- Leader: Eduard Herbst
- Founded: 1861
- Dissolved: 1881
- Merged into: United Left
- Headquarters: Vienna
- Ideology: Liberalism (Austrian) Free trade National liberalism

= Constitutional Party (Austria) =

The Constitutional Party (Verfassungspartei), also known as the German-Liberal Party (Deutschliberale Partei) was the main representative of liberalism and national liberalism in the German-speaking parts of the Austro-Hungarian Empire during the 1860s and 70s.

It was a party of the German-speaking bourgeoisie, had anti-clerical positions and sought to defend the privileges of German-speakers vis-à-vis the rising national movements of the Slavic minorities in the Habsburg monarchy. It supported the Austro-Hungarian Compromise of 1867, transforming the Austrian Empire into the Austro-Hungarian Dual monarchy and the 1867 December Constitution, which is why it received its name. Afterwards it became the strongest political group in the Imperial Council (the parliament of the Cis-Leithanian, i.e. Austrian-dominated, part of the empire) until 1879.
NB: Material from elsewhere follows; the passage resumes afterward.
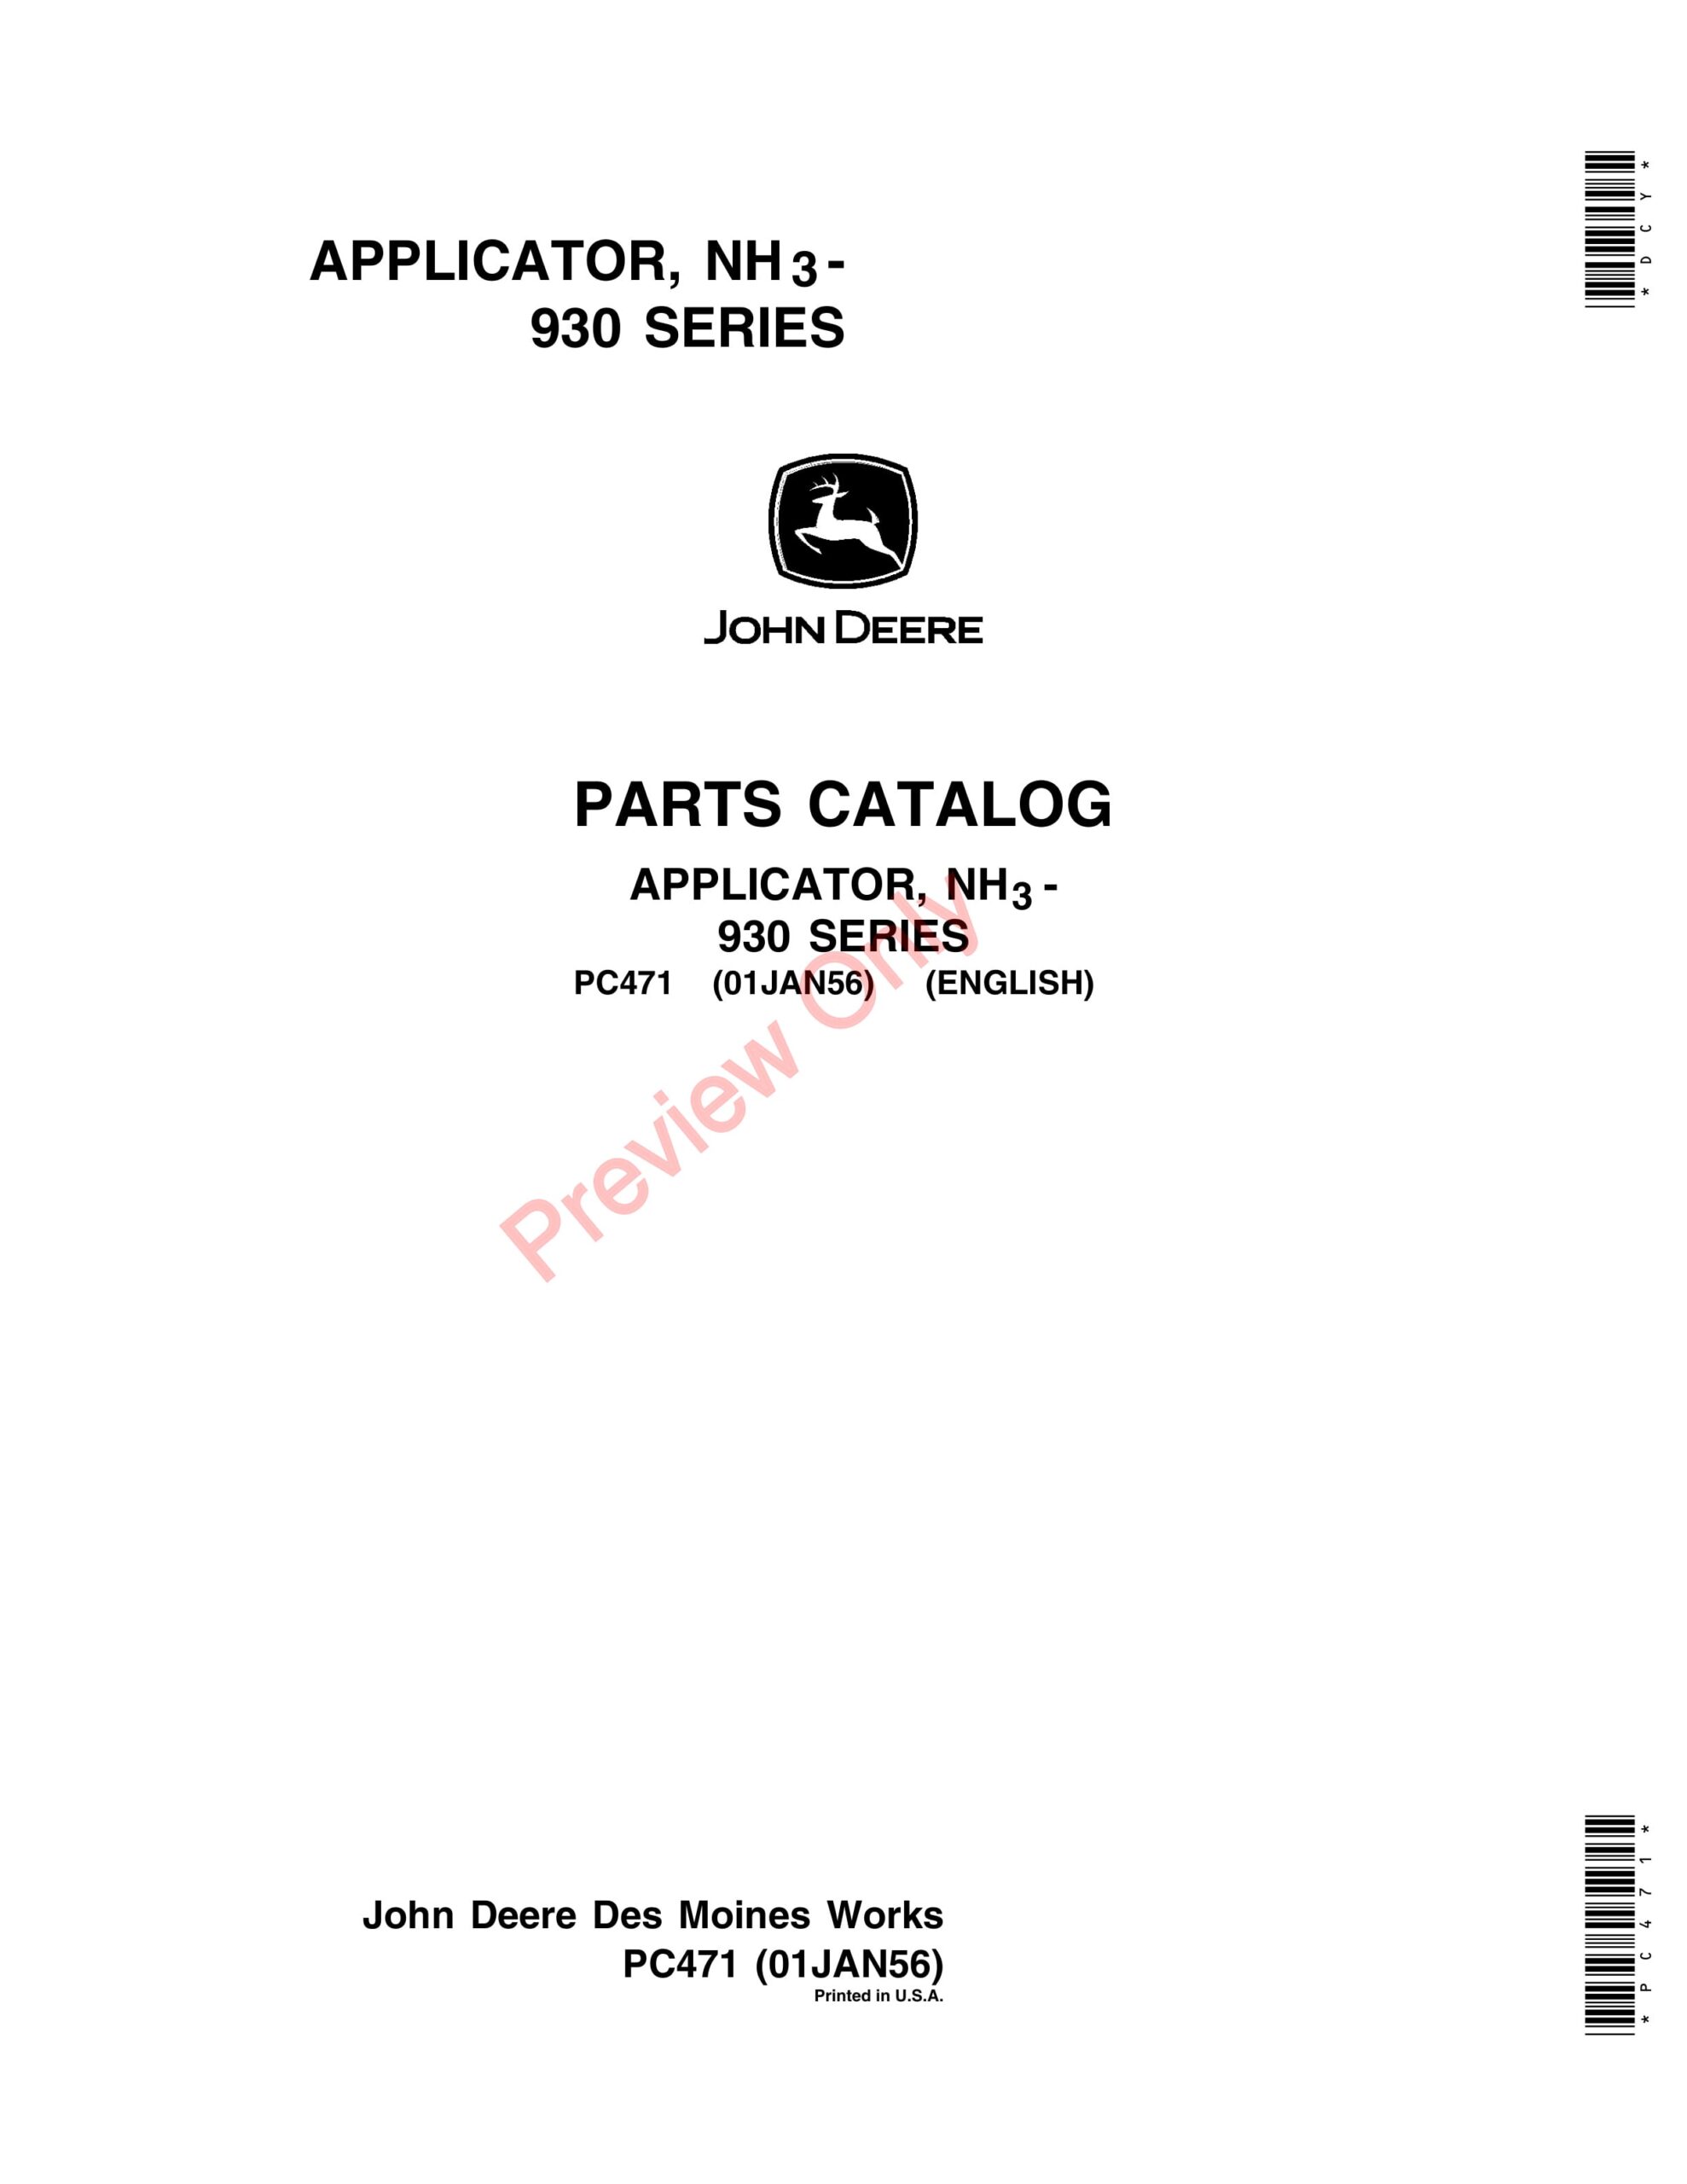 John Deere 930 Series NH3 Applicator Parts Catalog PC471 01JAN56-1

It was weakened after the financial crisis of 1873, which added to the rise of the more radical German nationalist movement. The Constitutional Party merged with the Progressive Club to form the "United Left" in 1881, which fell apart again in 1885 splitting into the German-Austrian Club and the German Club. Former members of the Constitutional Party were later referred to as "Old Liberals" (Altliberale).

== See also ==
- Liberalism in Austria
- National Constitution Party

== Notes and references ==
- Kwan, Jonathan (2013). "Liberalism and the Habsburg Monarchy, 1861-1895"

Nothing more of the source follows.